Building and Leveraging Implicit Models for Policy Gradient Methods

MPhil Thesis Defence


Title: "Building and Leveraging Implicit Models for Policy Gradient Methods"

By

Mr. Zachary William WELLMER


Abstract

In this thesis, we study Policy Prediction Network and Policy Tree Network, 
both are deep reinforcement learning architectures offering ways to improve 
sample complexity and performance on continuous control problems. Furthermore, 
Policy Tree Network offers the ability to trade extra computation at test time 
for improved performance via decision-time planning. Performance gains are 
still observed even in the case of not using decision-time planning(i.e. no 
extra computation cost relative to the model-free baseline). Our approach 
integrates a mix between model-free and model-based reinforcement learning. 
Policy Prediction Network is the first to introduce an implicit model-based 
approach to Policy Gradient algorithms in continuous action space. Policy Tree 
Network is the first to leverage an implicit model for decision-time planning 
in continuous action space. Learning the implicit model is made possible via 
the empirically justified clipping scheme and depth based objectives. 
Leveraging the implicit model for decision-time planning is feasible as a 
result of our tree expansion and backup algorithm.

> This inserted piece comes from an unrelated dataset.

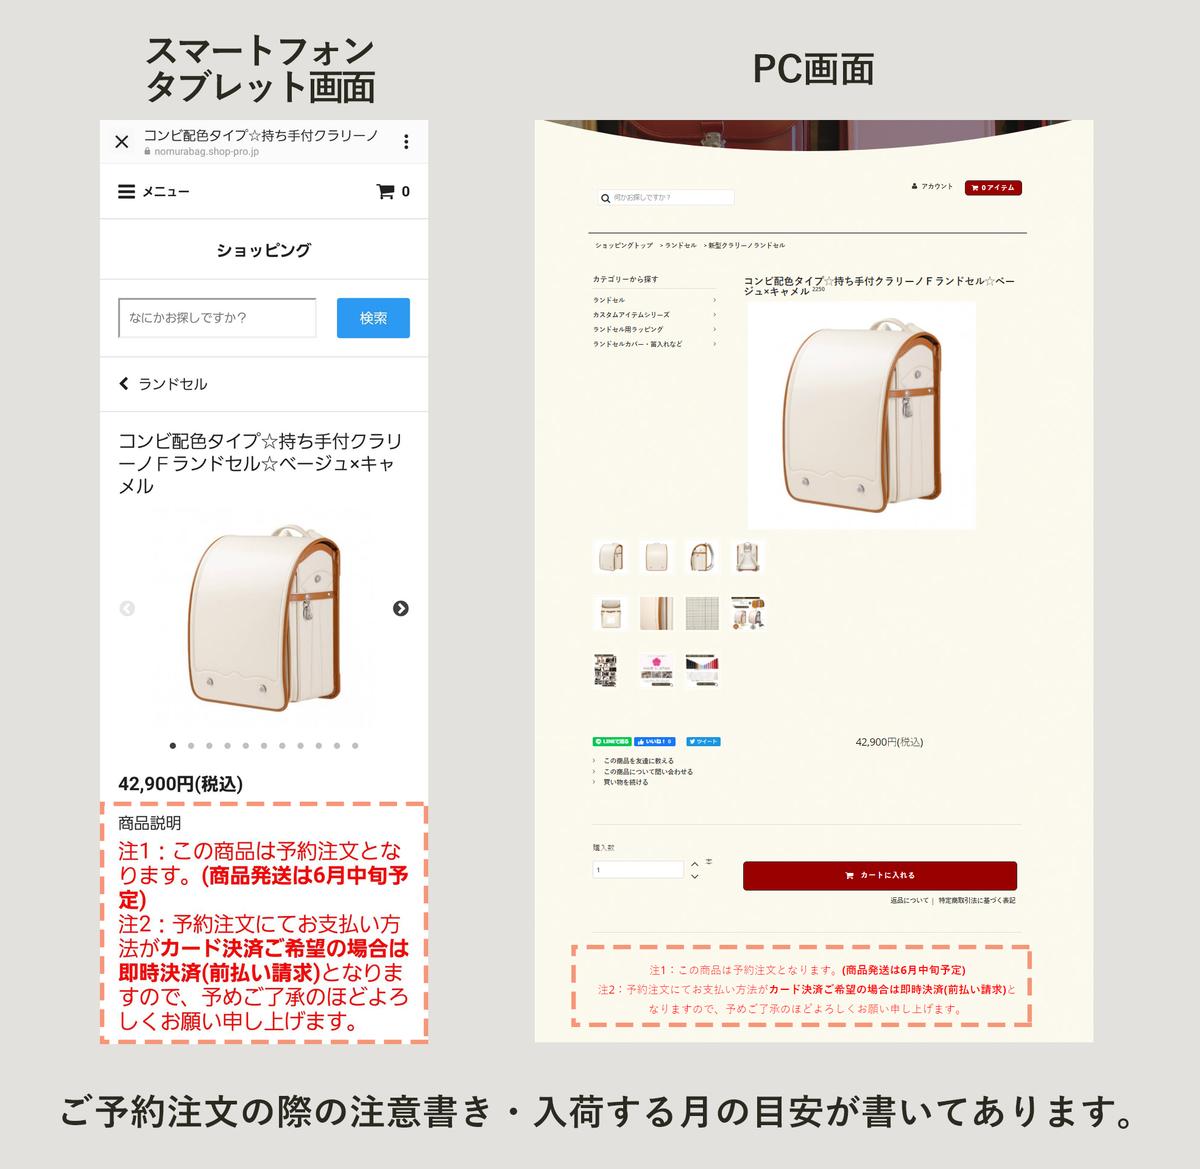 f:id:nomura-randsel:20210401095942j:plain

Our experiments are focused 
on the MuJoCo environments so that they can be compared with similar work done 
in this area.


Date:			Tuesday, 30 July 2019

Time:			3:30pm - 5:30pm

Venue:			Room 3494
 			Lifts 25/26

Committee Members:	Prof. Tin-Yau Kwok (Supervisor)
 			Prof. Nevin Zhang (Chairperson)
 			Prof. Dit-Yan Yeung


**** ALL are Welcome ****